Notwithstanding the current push, there isn’t any conclusive empirical evidence linking limited CEO tenure to enhanced good corporate governance and organisational performance.

Quite a handful of CEOs in leading companies, parastatals, State enterprises, public institutions (universities and colleges), local authorities, heads of influential Government departments, and so on, have been at the helm for periods ranging well above 10 years and still show no sign that they are leaving office any time soon. Many readers agreed in toto with the reasons that I gave supporting the need to limit a CEO’s tenure.

To recap, the reasons are as follows:

l Long-serving CEOs become entrenched and autocratic

l Need to inject new blood and fresh ideas

l It provides opportunity for younger talent

l Long-serving CEOs become complacent and less value-adding.

l Allows for innovation if others are allowed to come in with new ideas

l Brings in diversity needed to rejuvenate an organisation.

l Long-serving CEOs end up controlling the board, compromising its independence and effectiveness

l Long-serving CEOs end up using the company to enhance own status for personal advantage.

l It improves corporate governance (for example, accountability/transparency).

But, two critical points stuck out the most with readers: that many long-serving CEOs end up controlling the board, compromising its independence and effectiveness (rather than the other way around); and that some CEOs end up using an organisation’s resources to enhance their own status for personal advantage.

There have been many stories of long-serving CEOs who have become so powerful as to be instrumental in the selection of board members and determining their remuneration and welfare.

Some corporate boards are said to be captured by long-serving CEOs to an extent of losing their independence, effectiveness and power in discharging their fiduciary duties and oversight functions over management.

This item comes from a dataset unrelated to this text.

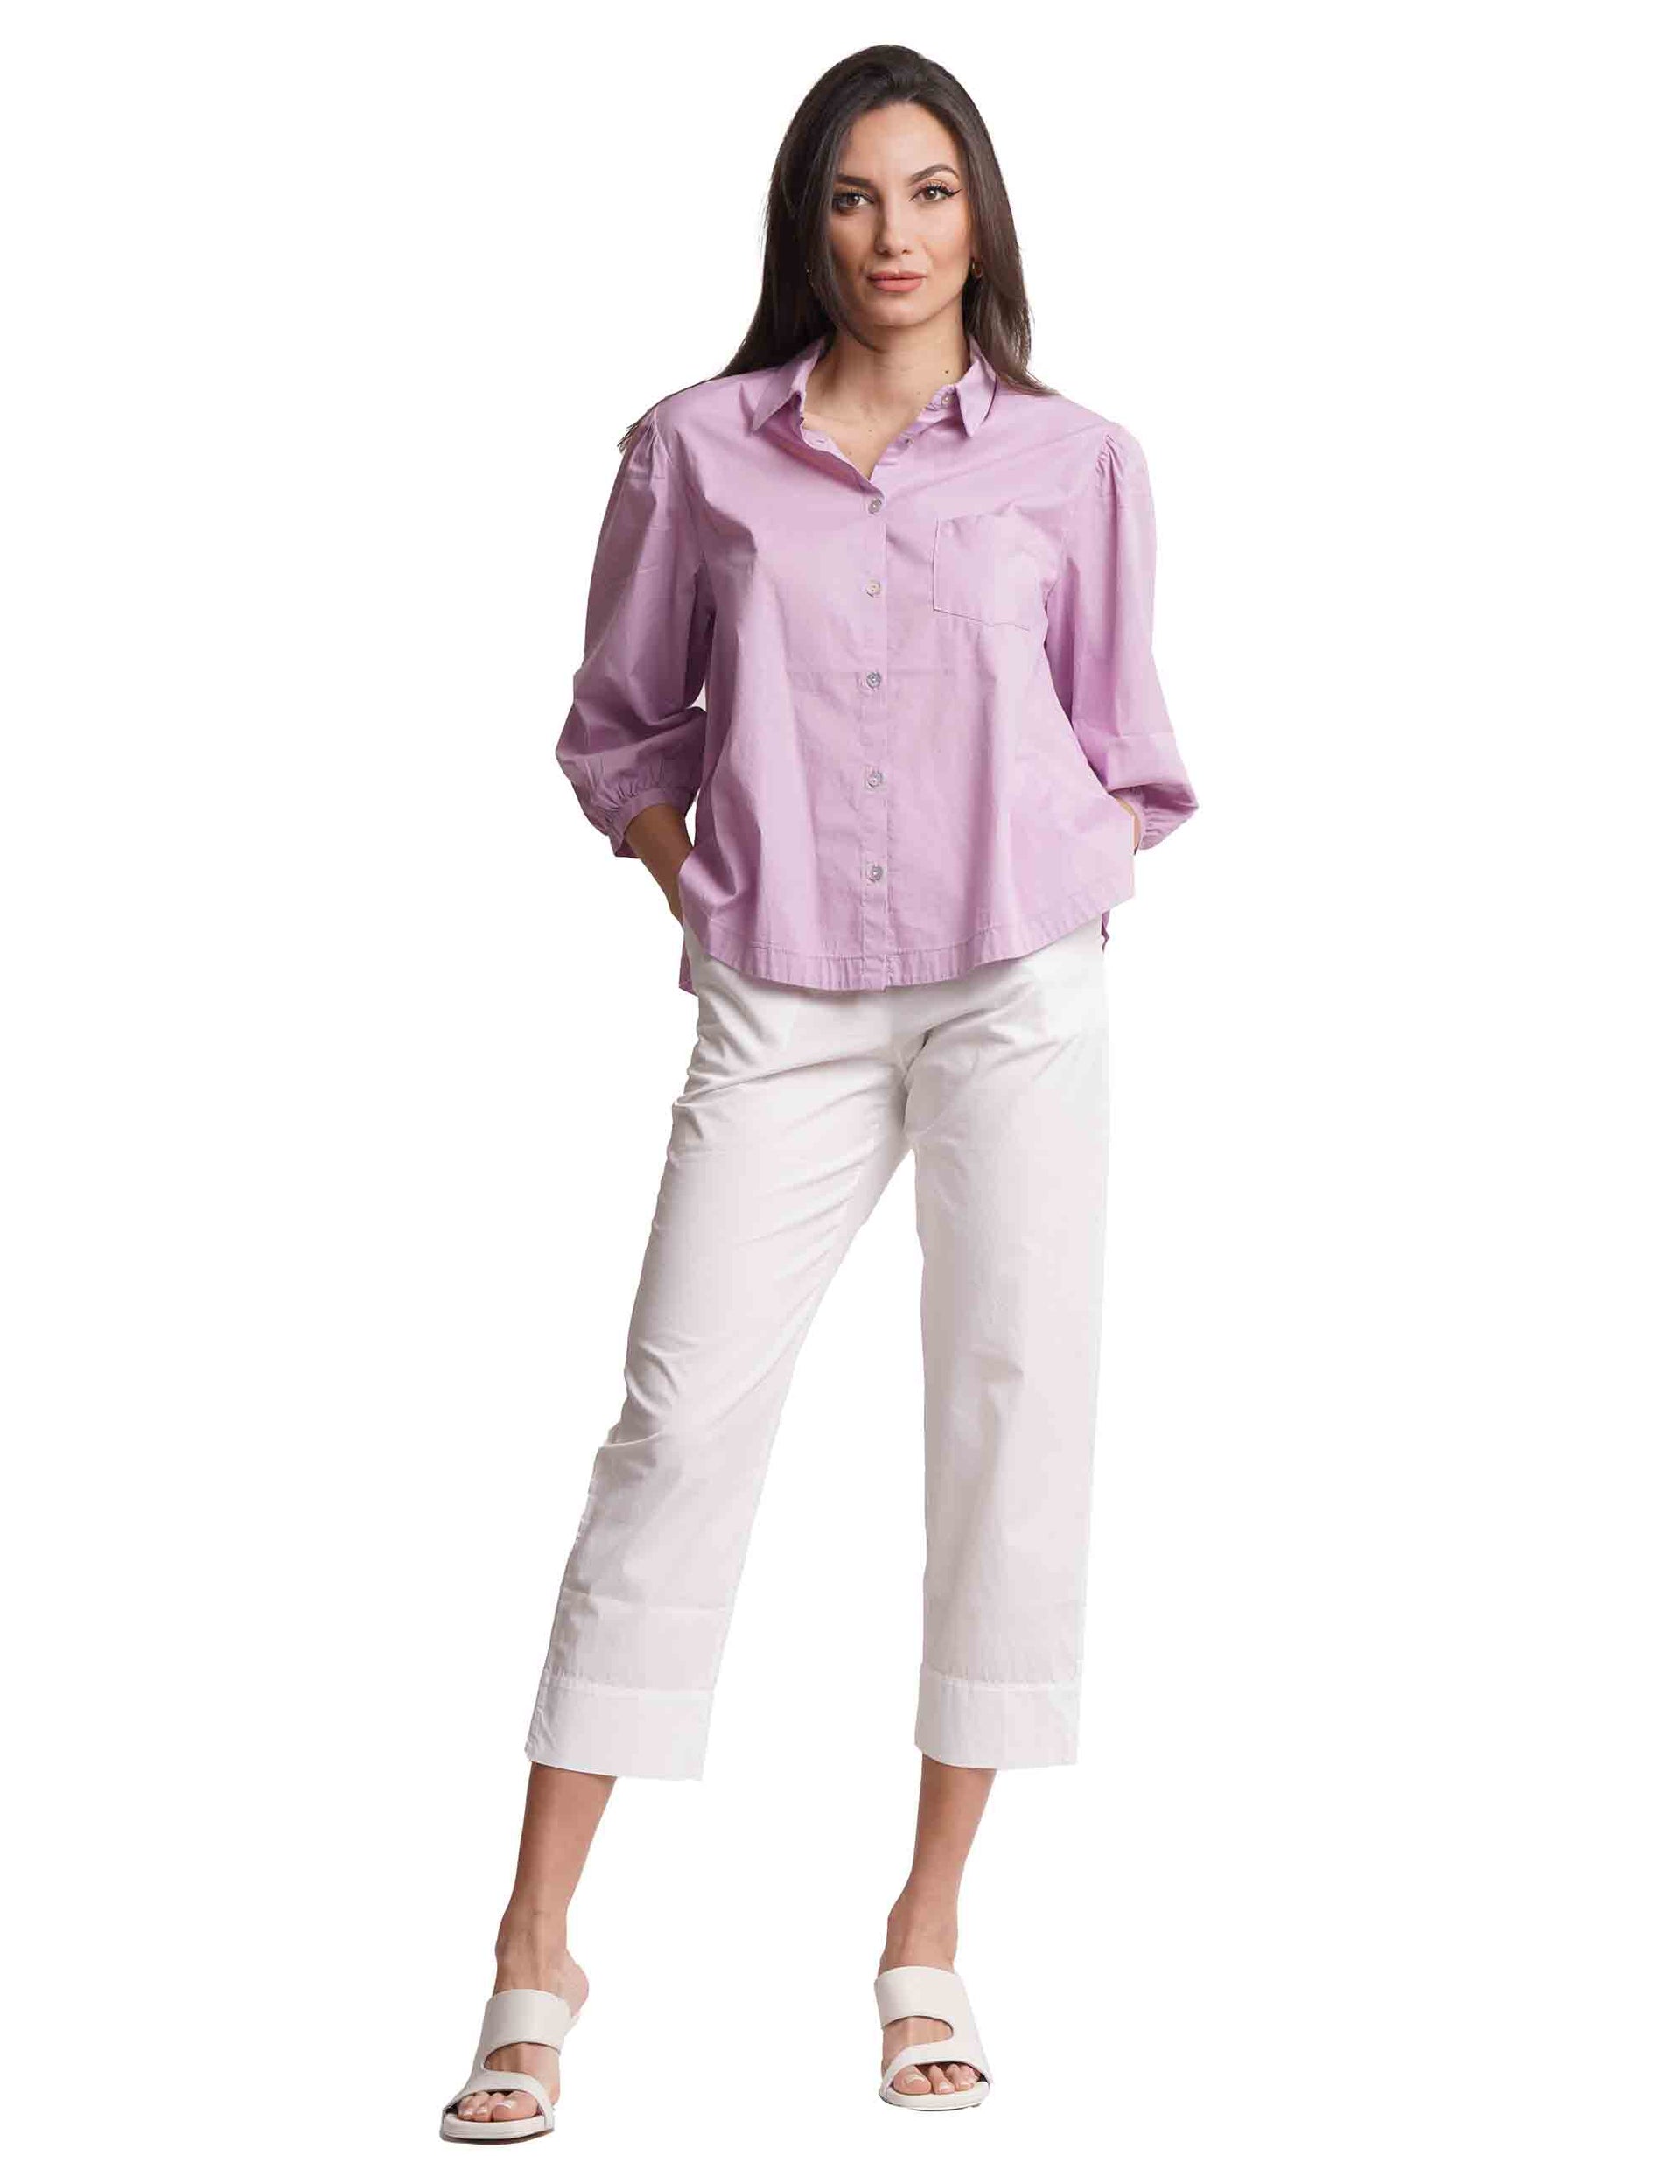 Women's lilac cotton shirts with puff sleeves

Long-serving CEOs allegedly dominate boardroom discussions to an extent that open and candid discussions are often eroded to the detriment of enhancing good corporate governance in an organisation.

Incidences of long-serving CEOs using their influence, power and organisational resources for personal gain cannot be ignored.

Some prominent long-serving CEOs in Zimbabwe (past and present) are alleged to have used their longevity in office to acquire massive shares in companies they lead through exercising stock (share) options they crafted, influenced or manipulated for personal gain.

Succession planning and performance management are tools that should be used in corporate governance to ensure that CEOs step down at some point to pave way for others to take over.

Shareholder activism should be developed in Zimbabwe to allow shareholders to raise contentious issues such as CEO term limits and put them to vote at annual general meetings to enhance good governance and organisational performance.

Perhaps, it is time Government and regulatory and professional bodies such as Securities and Exchange Commission of Zimbabwe (SECZ) and Zimbabwe Stock Exchange (ZSE), Institute of Directors (IOD) look at CEOs tenure of office and come up with sustainable interventionist measures to address concerns being raised by stakeholders.